Source material.
'''

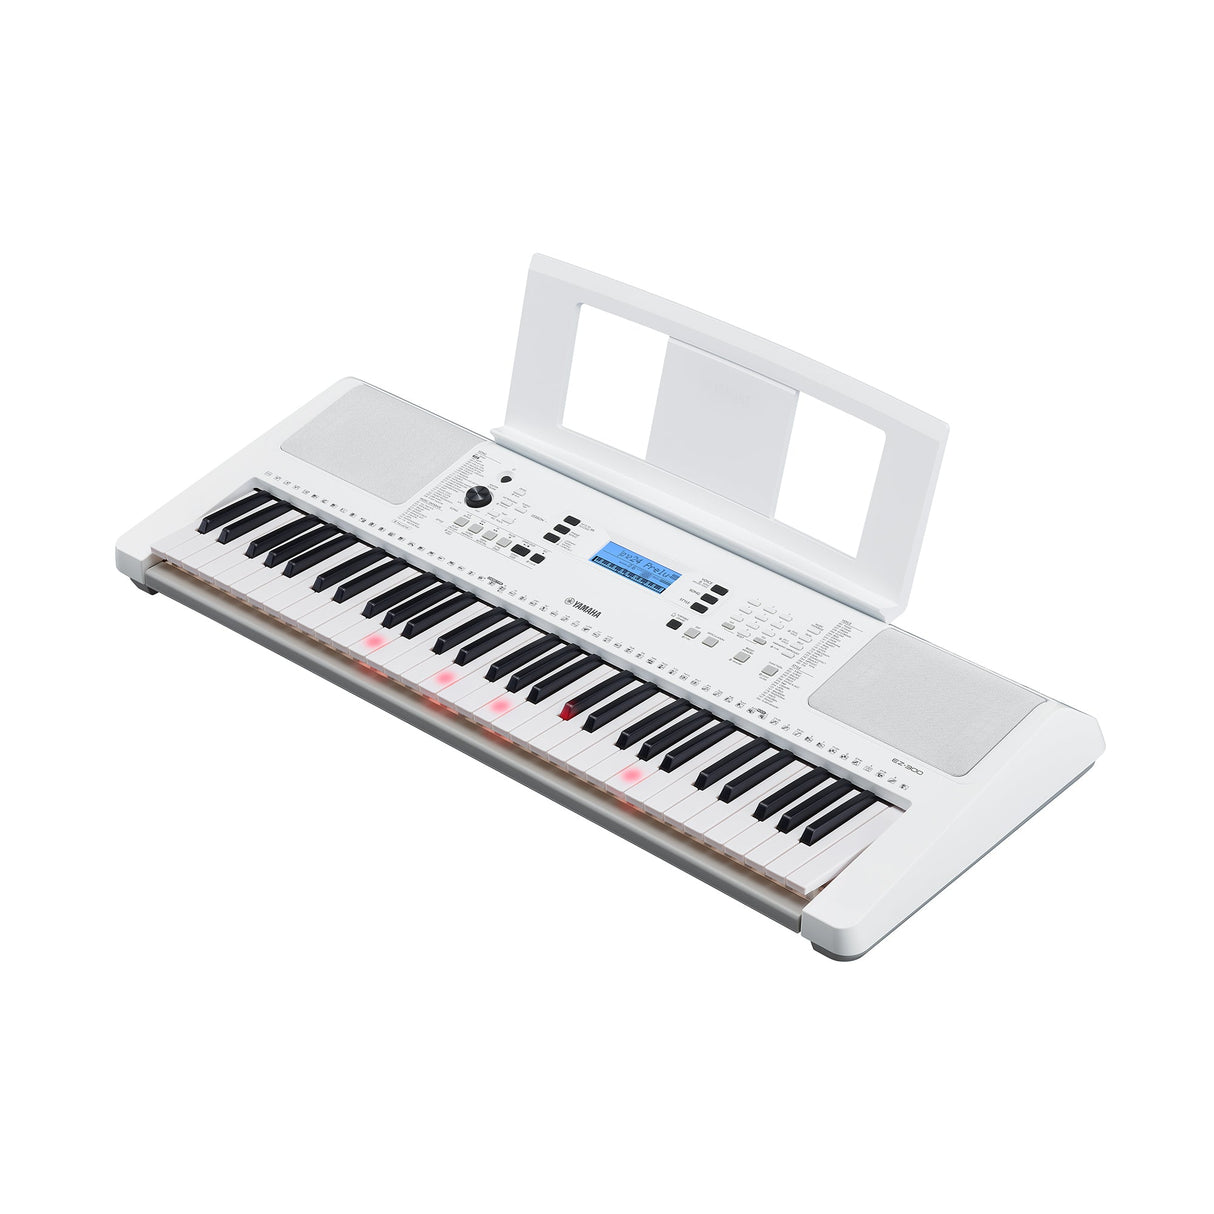 yamaha ez300 white keyboard with light up keys
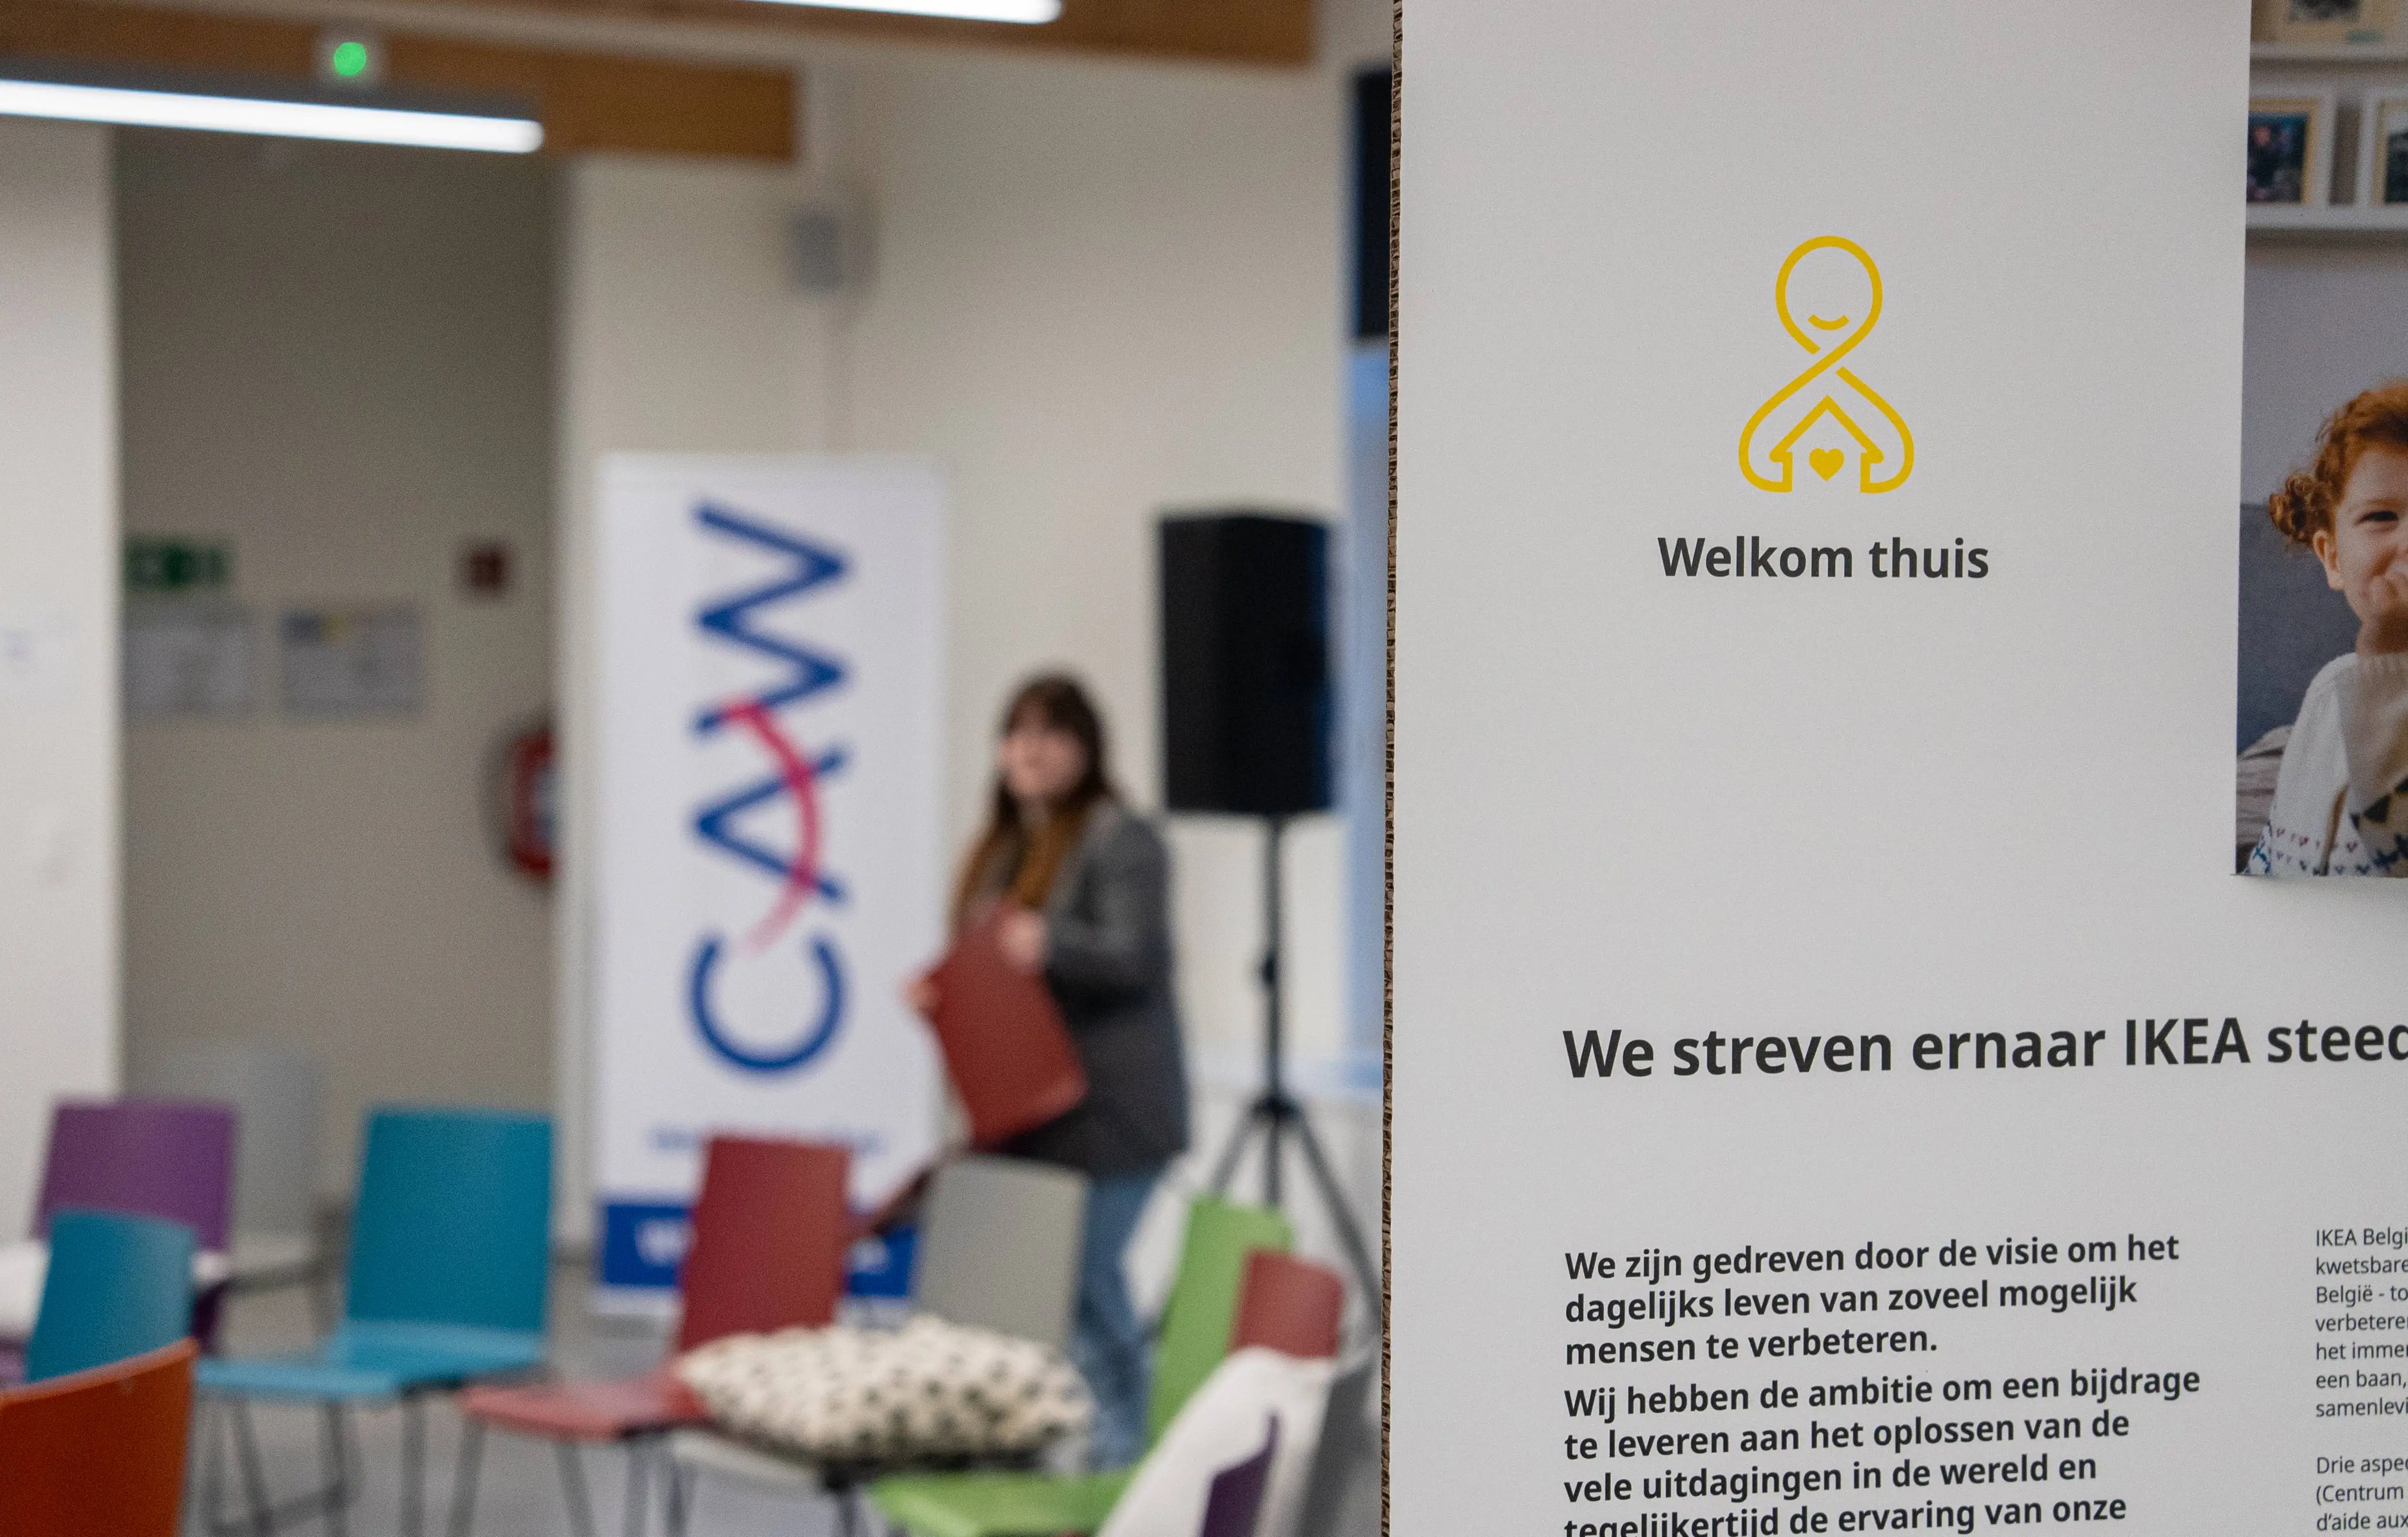 Decoratie van het evenement met de tekst “Welkom Thuis”, de naam van het project van het evenement, en op de achtergrond de lege zaal voor de aankomst van de deelnemers.
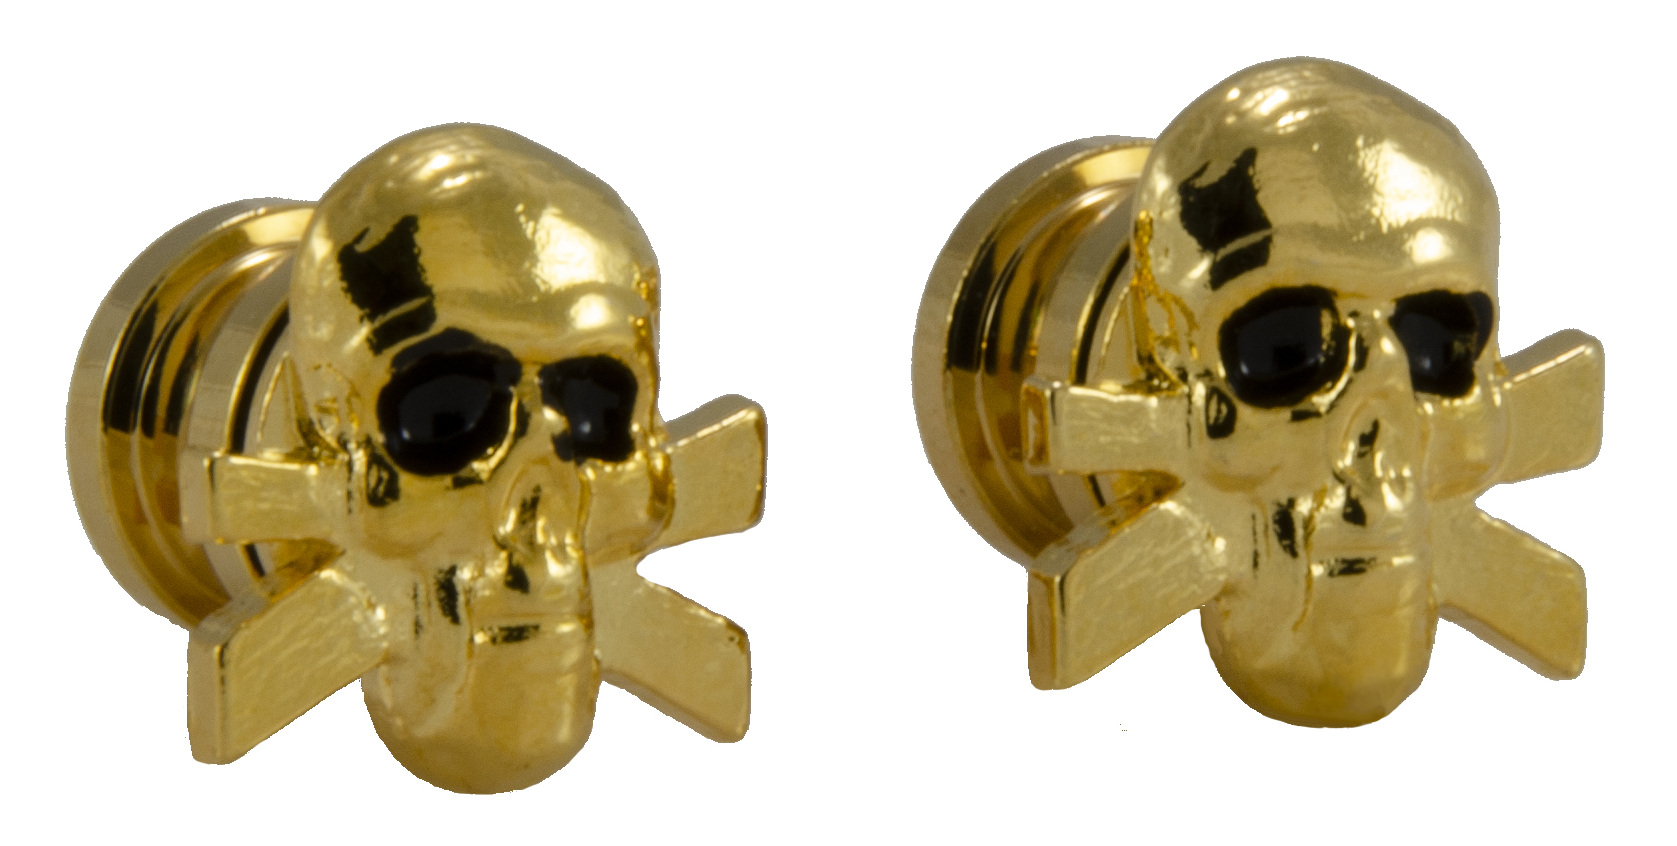 Grover S 610G - Artist Strap Buttons, Skull - Gold

'''

To do. Copy only the lines running from the one that holds "Decoratie van het" through the last line of the data, and include both of those lines. Do not copy any pictures.

Response area.
 Decoratie van het evenement met de tekst “Welkom Thuis”, de naam van het project van het evenement, en op de achtergrond de lege zaal voor de aankomst van de deelnemers.
 Grover S 610G - Artist Strap Buttons, Skull - Gold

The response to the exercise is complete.